• _WHAT YOU HAVE TO DO_
Restate the following data in its entirety, word for word and without images.

• _DATA BLOCK_
=== Section Start ===
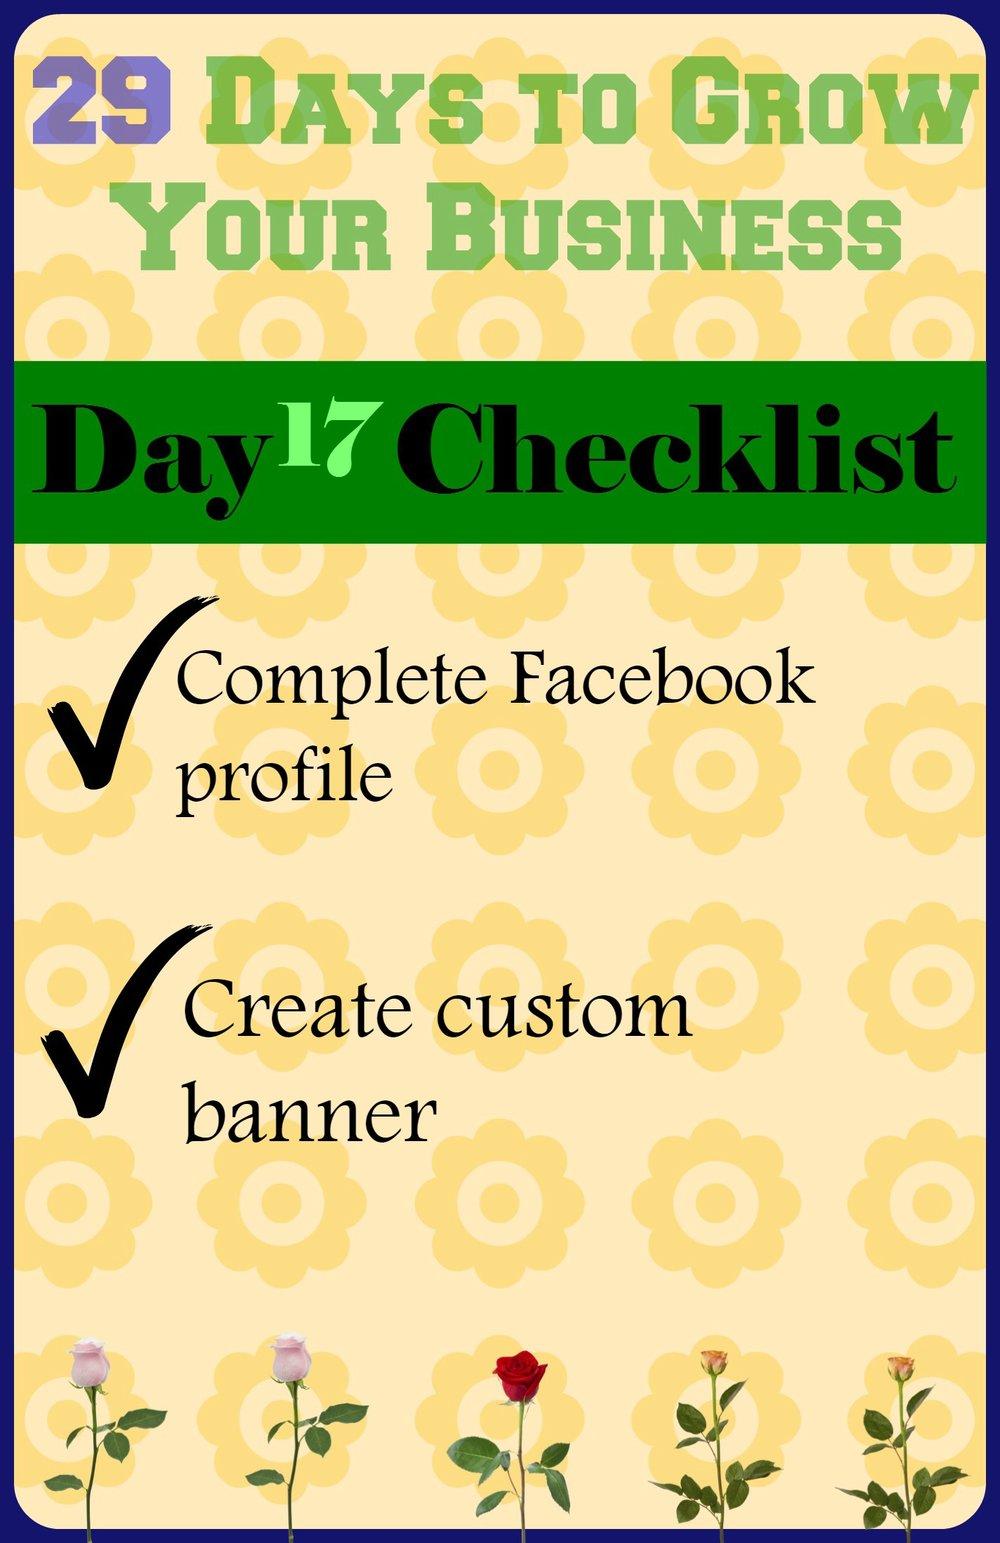 day 17 pinterest challenge.jpg
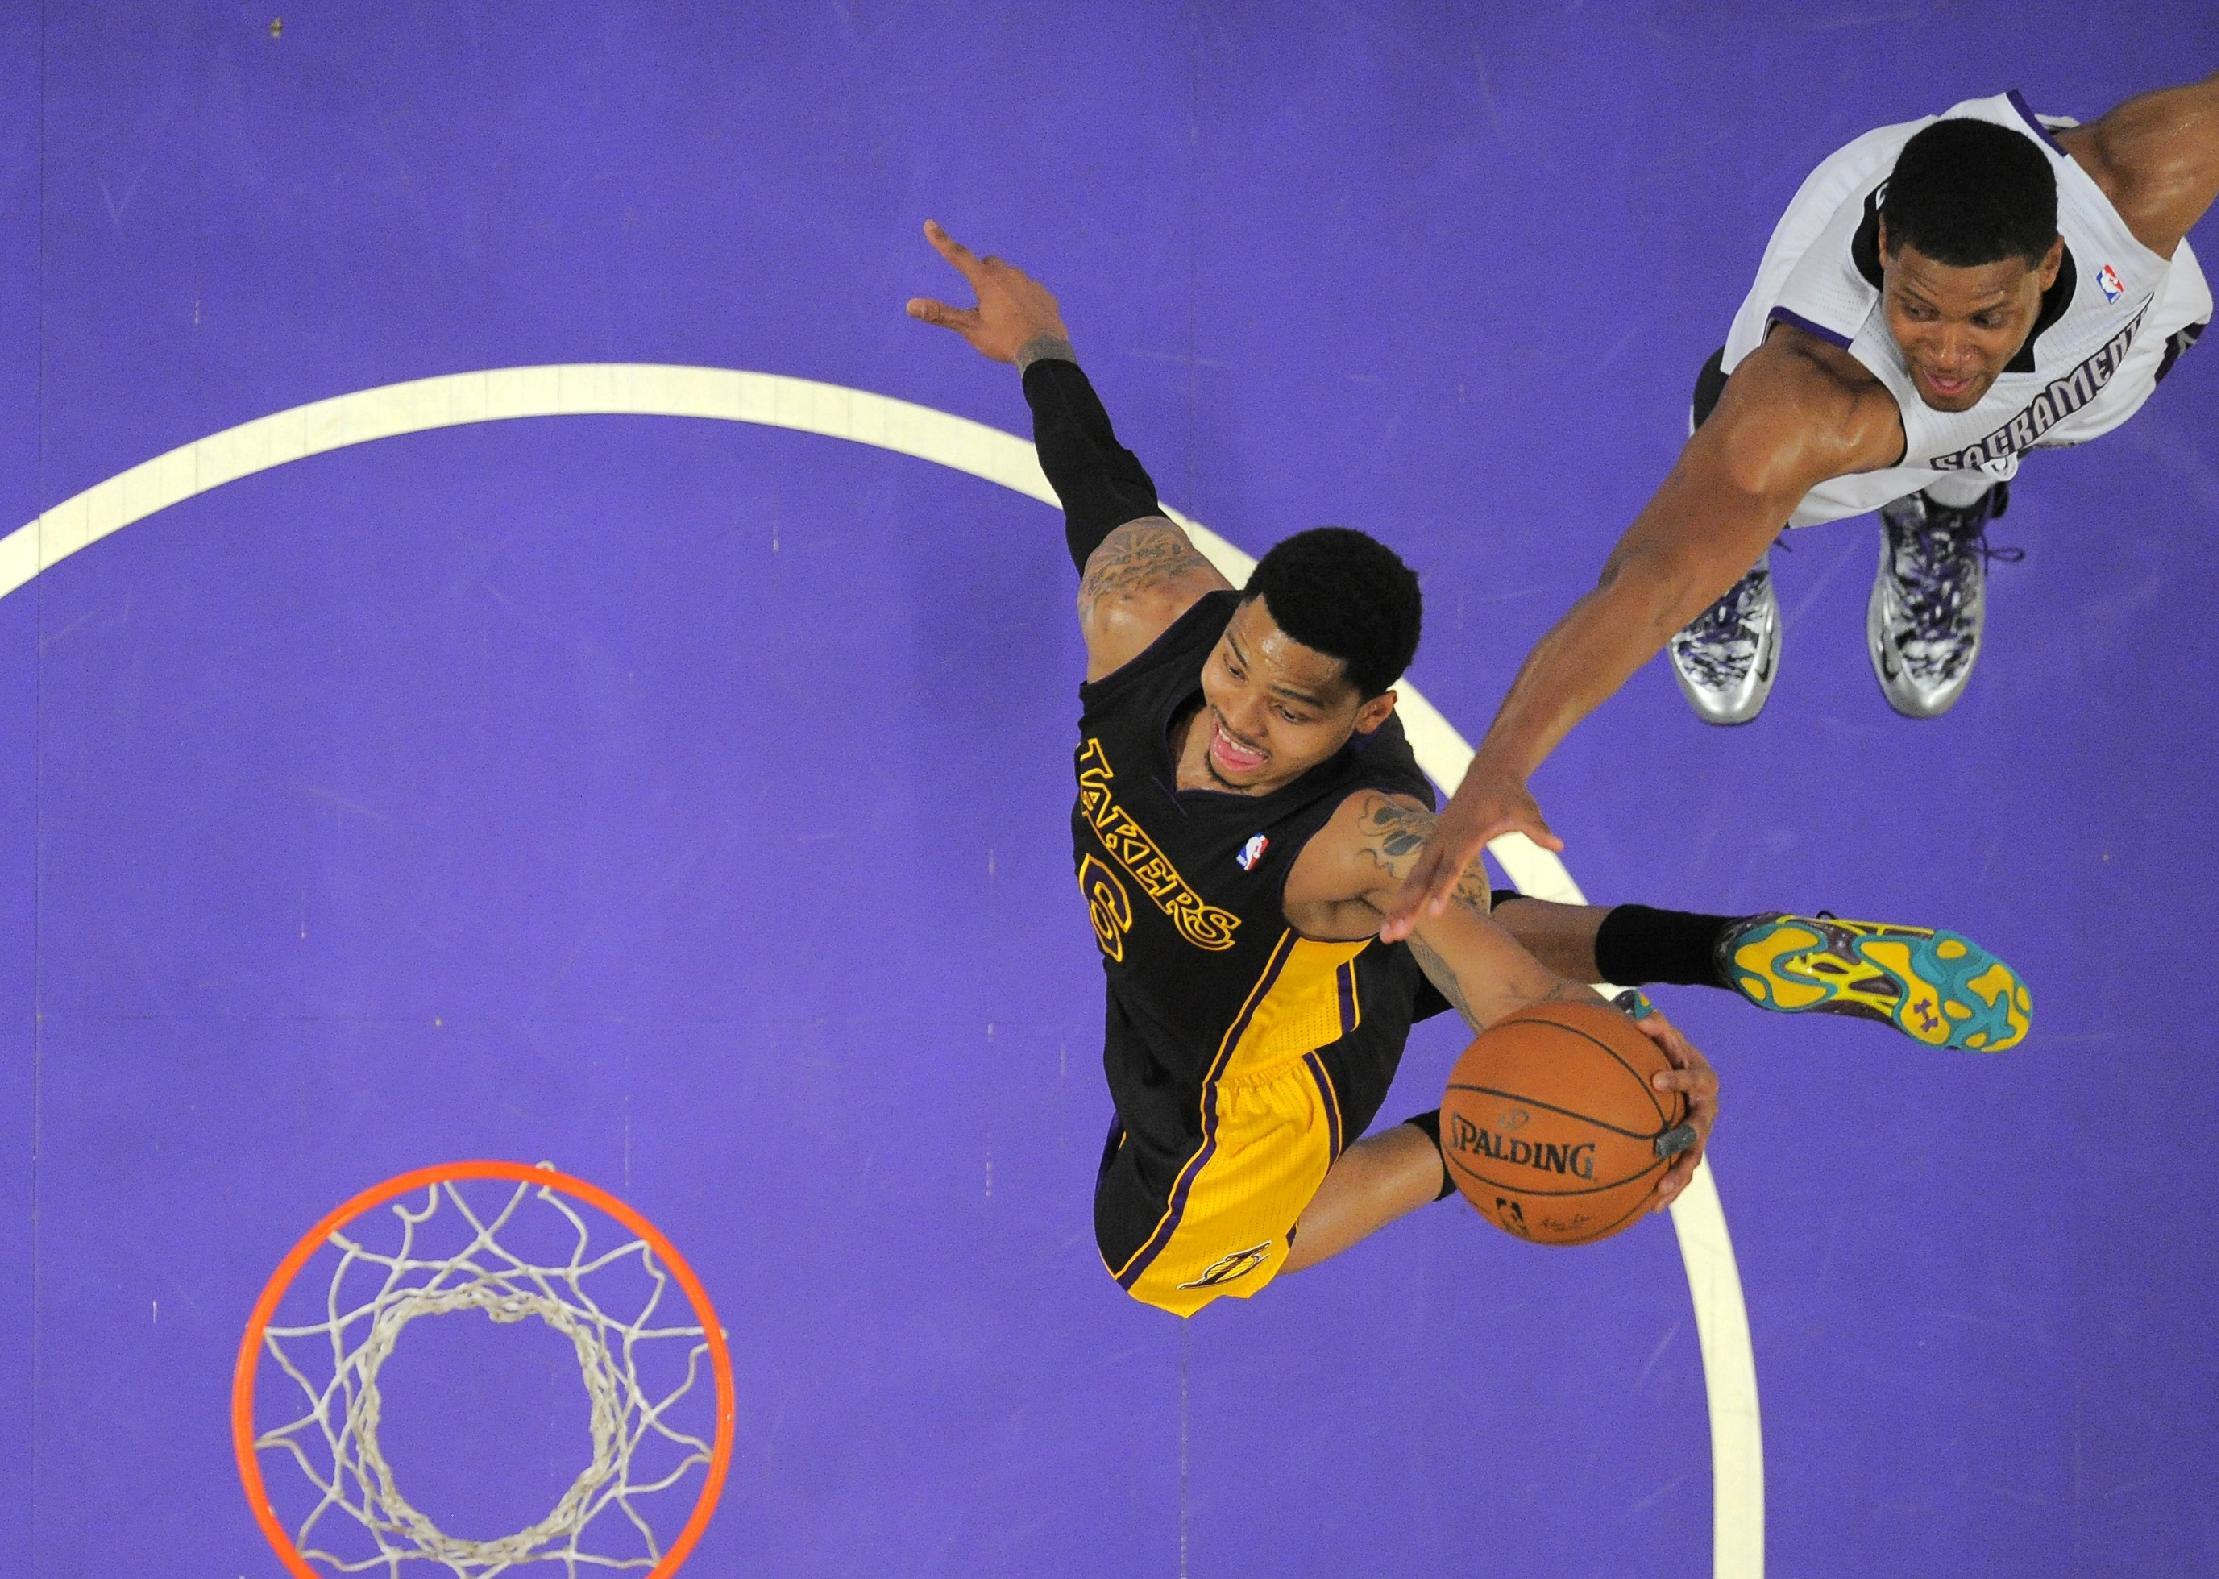 Farmar scores career-high 30 as Lakers beat Kings
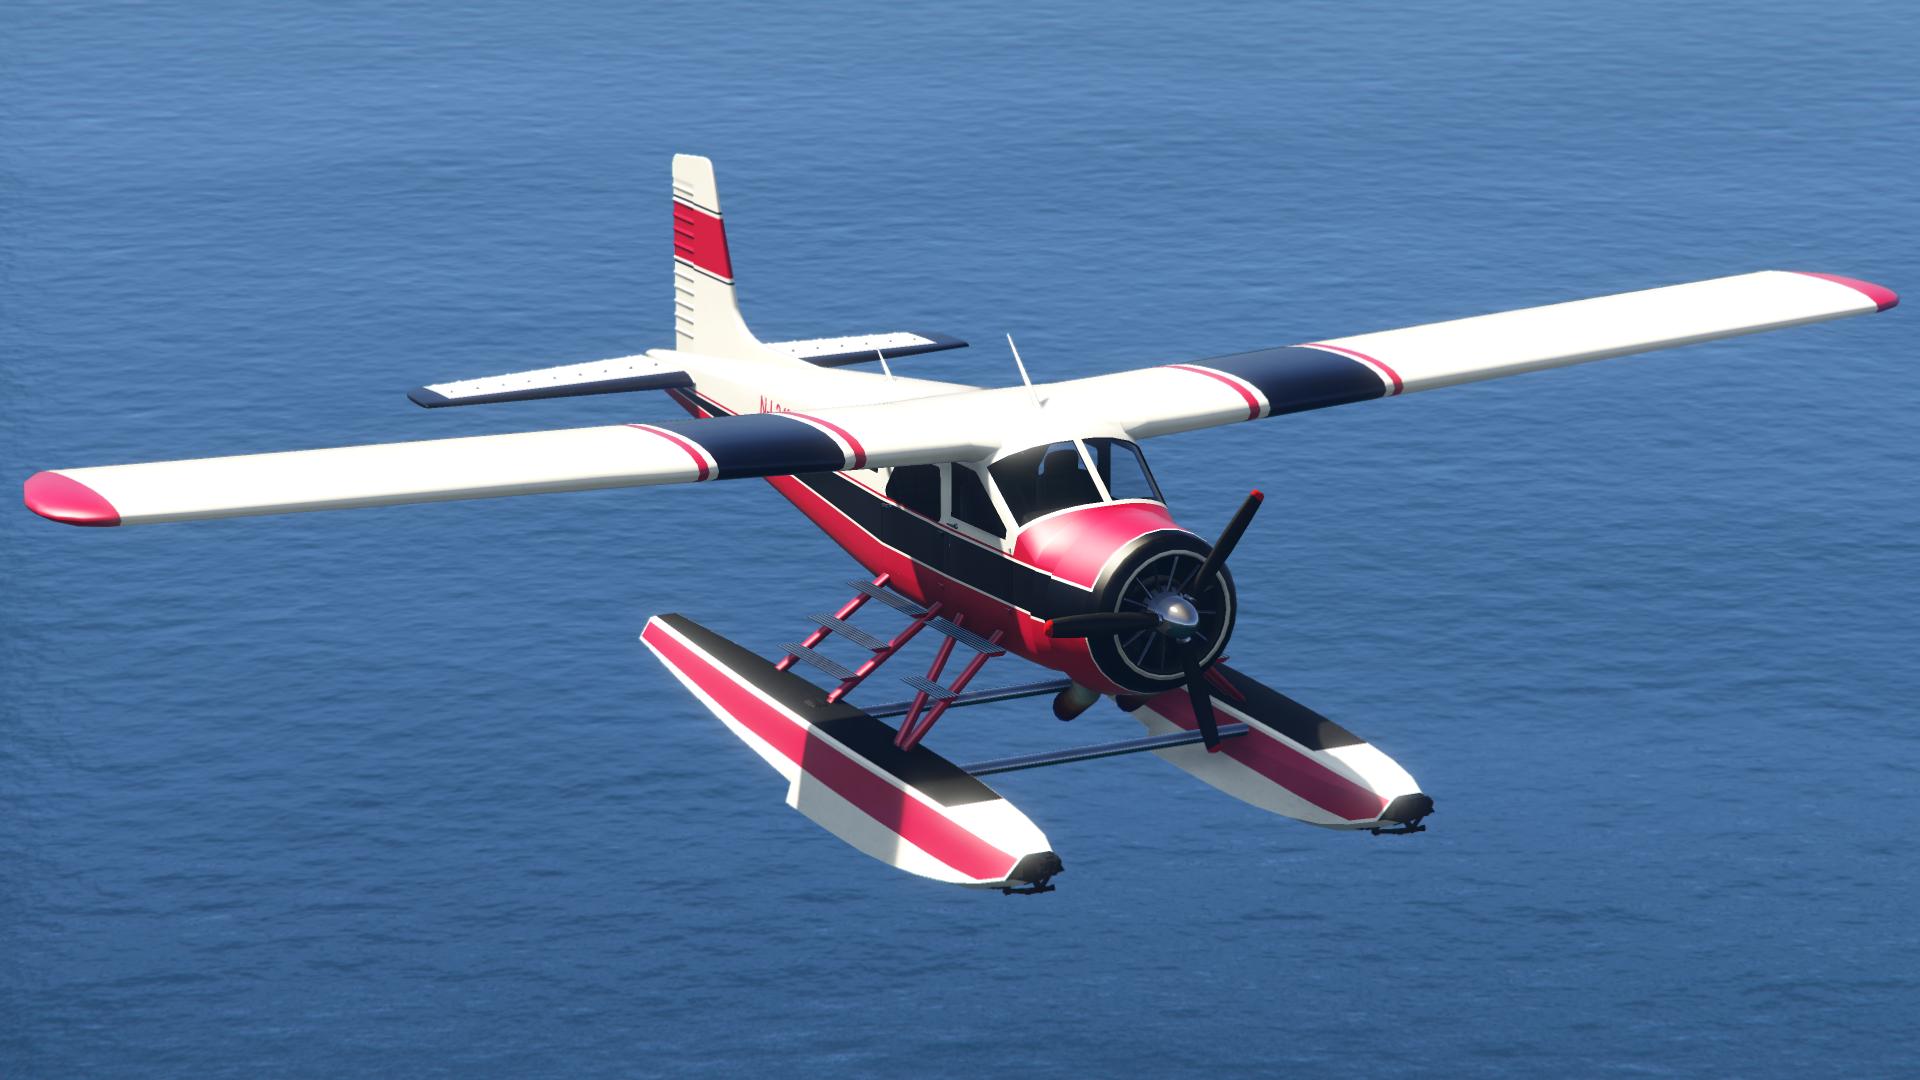 Category:Propeller Aircraft | GTA Wiki | FANDOM powered by Wikia
=== Section End ===
• _REPLY_
 day 17 pinterest challenge.jpg
 Farmar scores career-high 30 as Lakers beat Kings
 Category:Propeller Aircraft | GTA Wiki | FANDOM powered by Wikia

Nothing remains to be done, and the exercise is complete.